Cameroun – Insécurité: Des ravisseurs exigent 100 millions de FCFA pour la libération d’une famille à Touboro

Une nouvelle prise d’otage dans la ville de Touboro, située dans le Mayo-Rey, Région du Nord. Selon L’Œil du Sahel paru le 8 août 2016, des trois personnes qui ont été enlevées dans la nuit du 5 au 6 août  au domicile de l’homme d’affaires Nono Marcel Flaubert, situé au carrefour Ngoumi.

Le journal indique que «selon des sources sécuritaires, les ravisseurs sont arrivés aux alentours de 23h45, ont passé la concession au peigne fin et amené avec eux Bakam Fosso, 28 ans, épouse de Nono Marcel Flaubert, Fouamouwe Henri, 31 ans et Mewa Laure, 18 ans». Les preneurs n’ont pas tardé à donner des nouvelles. Le lendemain, apprend-on, ils ont appelé à deux reprises pour exiger le versement d’une rançon de 100 millions de FCFA.

«Ils m’ont téléphoné par deux fois dans la journée du  6 août 2016 avec un numéro Nexttel: très tôt le matin et à 11 heures 45 minutes. Ils disent attendre la somme de 100.000.000 FCFA dans un bref délai. Mais où irais-je prendre tout cet argent ? Cela est impossible.

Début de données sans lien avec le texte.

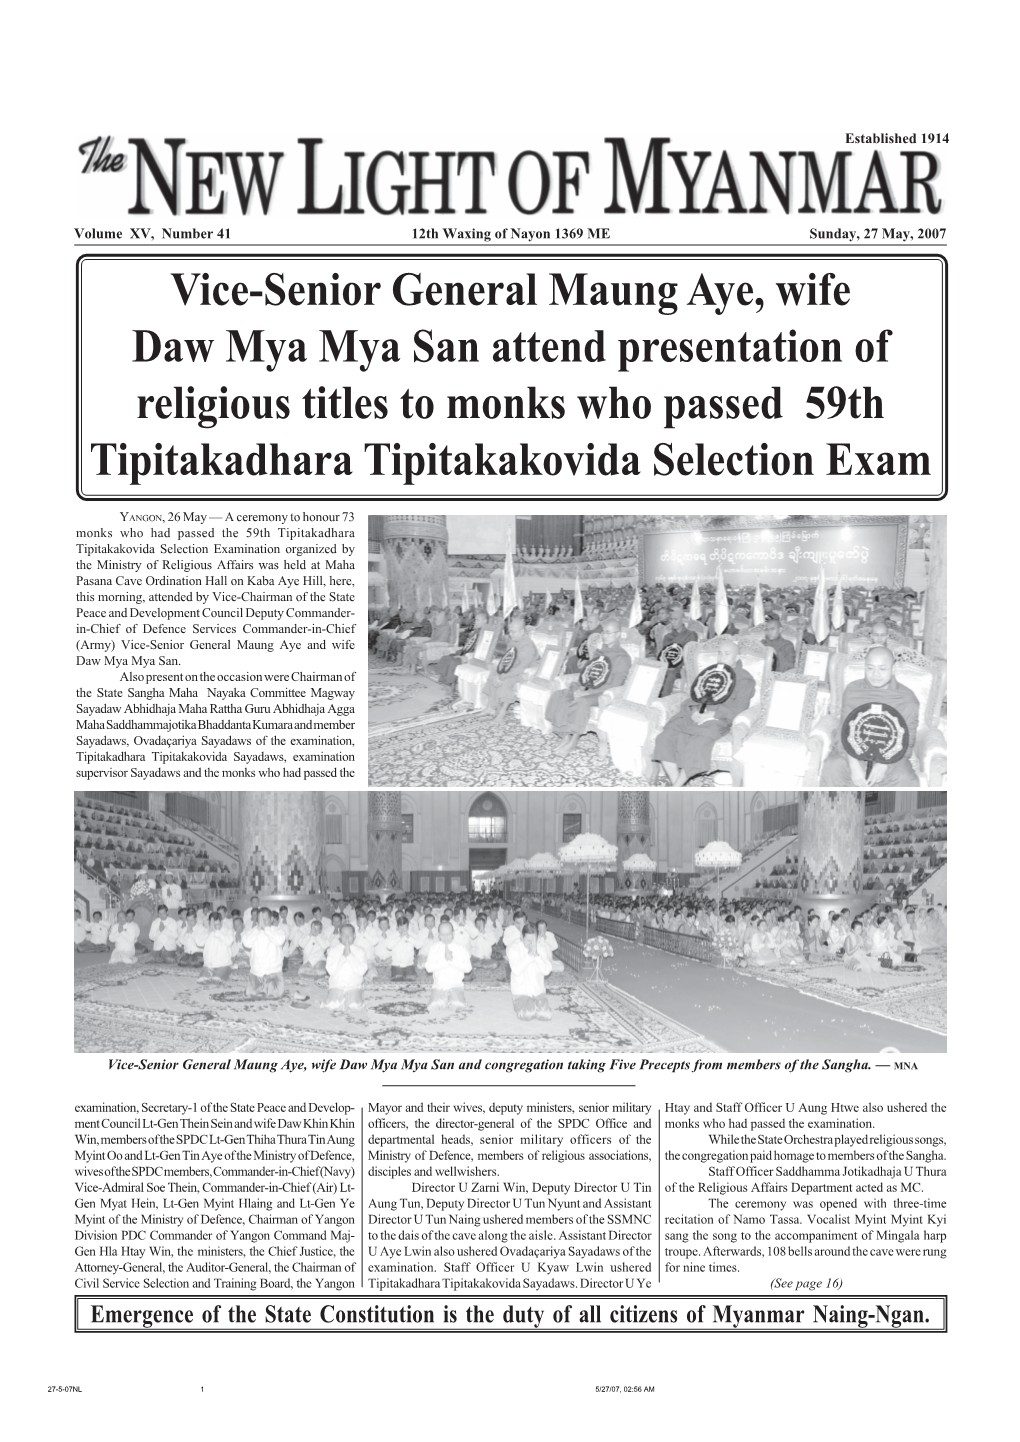 Vice-Senior General Maung Aye, Wife Daw Mya Mya San Attend Presentation of Religious Titles to Monks Who Passed 59Th Tipitakadhara Tipitakakovida Selection Exam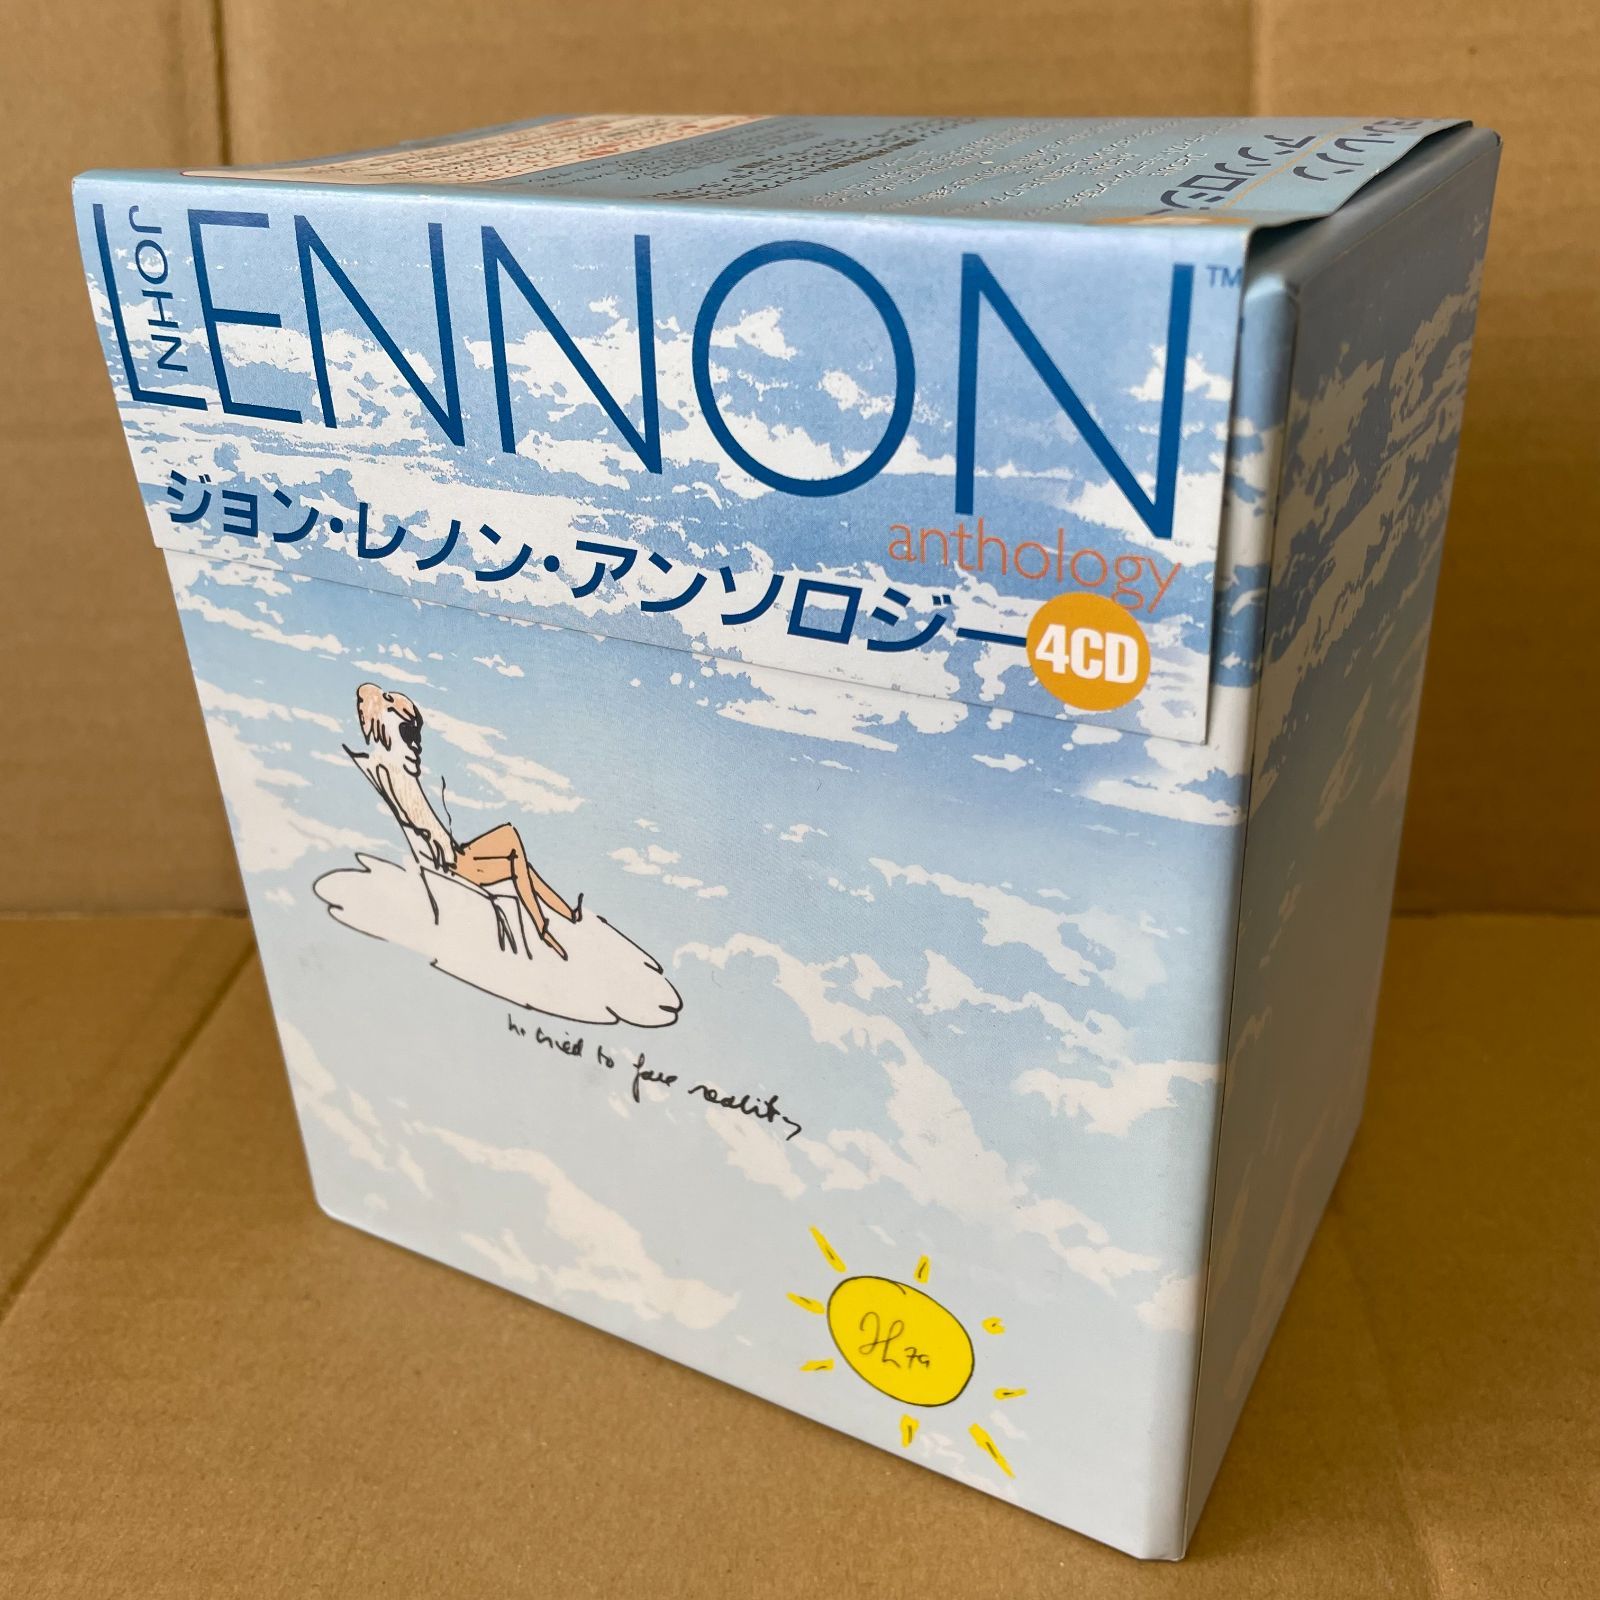 4CD BOX ジョン・レノン アンソロジー JOHN LENNON 未発表集

Je suis en route pour Touboro, au moment où je vous parle. C’est quand j’y serai que je pourrai voir plus clair, car tout ceci s’est passé à mon absence. Je me trouvais du côté de Yaoundé, où j’ai passé plus d’un mois. C’est tout ce que je peux vous dire puisque les grandes personnes de la maison qui pouvaient me donner des informations fiables sont celles-là mêmes qui sont prises en otage. C’est quand je serai sur place que je pourrais peut-être glaner des informations. Pour l’instant, je vous ai dit tout ce que je connais», a déclaré, Nono Marcel Flaubert.

Les forces de l’ordre elles sont déjà aux trousses des ravisseurs, même s’il est très tôt pour perler d’une piste sérieuse. «L’alerte nous a été donnée aux environs de minuit par la famille des otages. Nous avons aussitôt mobilisé nos éléments et enclenché immédiatement les recherches. Nous espérions les rattraper dans leur fuite, mais cela n’a pas été le cas. Mais qu’à cela ne tienne, nous ne comptons pas baisser les bras. Nous poursuivons les recherches et ils finiront bien par être, tôt ou tard, rattrapés», a avoué à L’Œil du Sahel une source sécuritaire.